The Billable Hour as Disincentive (One)
As long as a law firm bills by the hour, the efficiency offered by a rigorous template initiative would seem to work to the law firm’s disadvantage.
The Billable Hour as Disincentive (Two)
As long as lawyer performance is measured primarily by how many hours they bill, lawyers will be reluctant to sacrifice hours for the greater good by working on a template initiative.
A Dearth of Expertise
Compiling a template that ostensibly contains optimal substance expressed in optimal language is very different from tweaking and recycling precedent contracts of questionable quality and relevance. Doing deals doesn’t by itself qualify you to compile templates.
It’s commonplace for law-firm partners to be most comfortable sticking with the way they do things. As a result, it’s routine for an associate to be asked to use one precedent contract to do a particular deal for a partner and to be asked to use a different precedent contract to do the same kind of deal for another partner. That attitude isn’t conducive to the centralized approach required for a successful template initiative.

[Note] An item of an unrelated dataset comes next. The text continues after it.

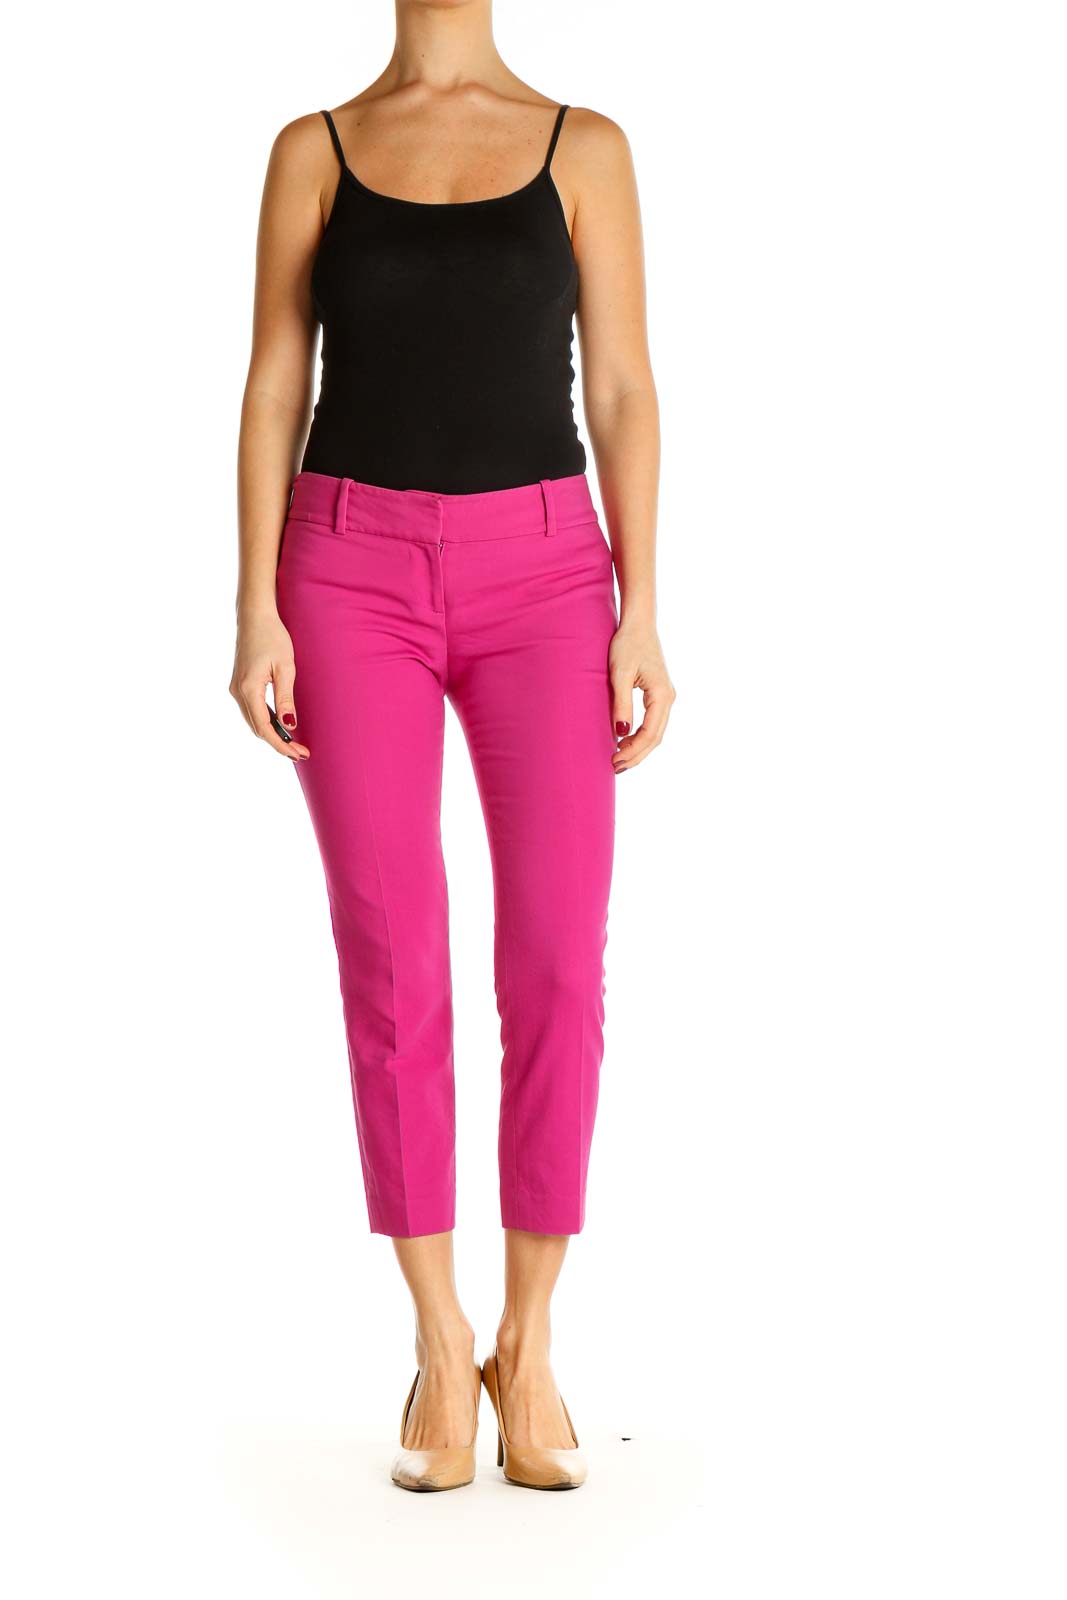 Buy Global Republic Pink Pullover With Tights for Women's Online @ Tata CLiQ

Enhancing the prospects of law-firm template initiatives would require that something change with respect to one or more of the above factors. I suggest that the most likely agent of change is use of document-assembly software to draft contracts. (I use ContractExpress.)
More specifically, document assembly could prompt law firms to reconsider the notion of the billable hour as an obstacle to efficiency. For one thing, law firms might realize that since, invariably, they don’t collect on every hour of time billed on contract drafting, using document assembly to draft contracts more quickly would allow law firms to reduce the amount of time they write off. Furthermore, for busy law firms, using document assembly to draft contracts offers an opportunity for premium billing while still saving the client money.

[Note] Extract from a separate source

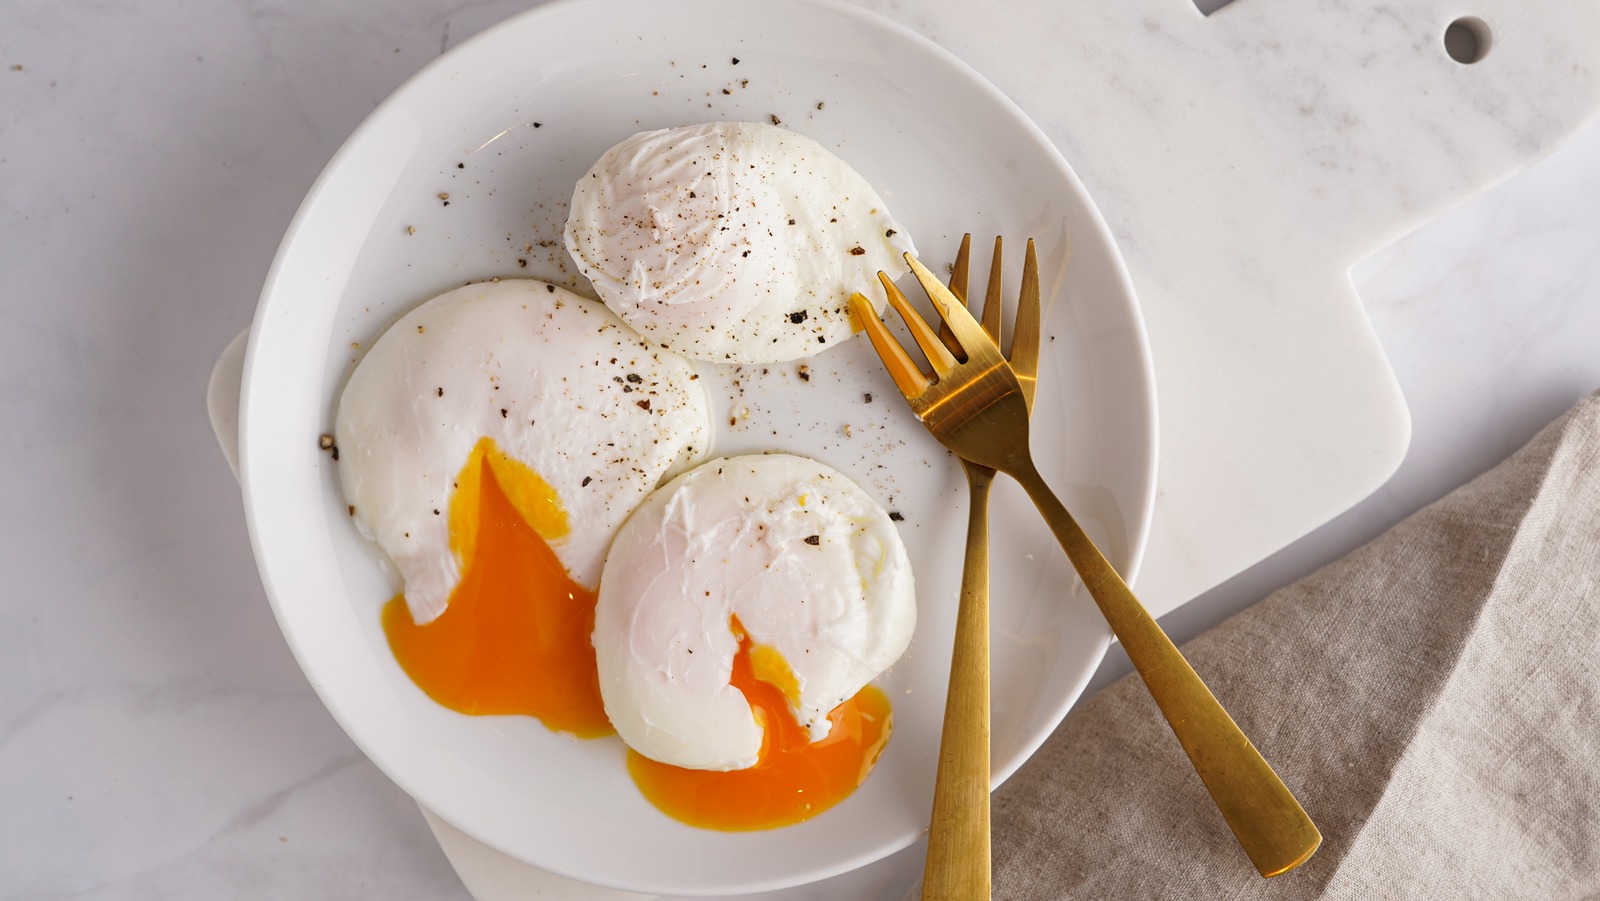 The Foolproof Cling Film Method For Perfect Poached Eggs Every Time – The Daily Meal

And more generally, the notion of profiting off of inefficiency is unseemly, and perhaps untenable in the long run.
But the greatest scope for change would come from rethinking the role of economies of scale. It makes no sense to have law firm after law firm implementing and attempting to maintain templates for standard kinds of contracts. The substance of such contracts and the language used to articulate that substance should be commodities: there is no secret sauce. It would make sense to outsource the task of implementing and maintaining document-assembly templates. In other words, it would make sense for law firms to get out of the template business.
That reality is increasingly being acknowledged, but so far what has been offered by bar associations and by the major legal publishers is inadequate. Of course, Koncision Contract Automation‘s confidentiality-agreement template offers a glimpse of what document assembly can do, but Koncision won’t be adding any content until someone expresses an interest in financing further work. It might be that the best hope for progress is trade associations. Watch this space.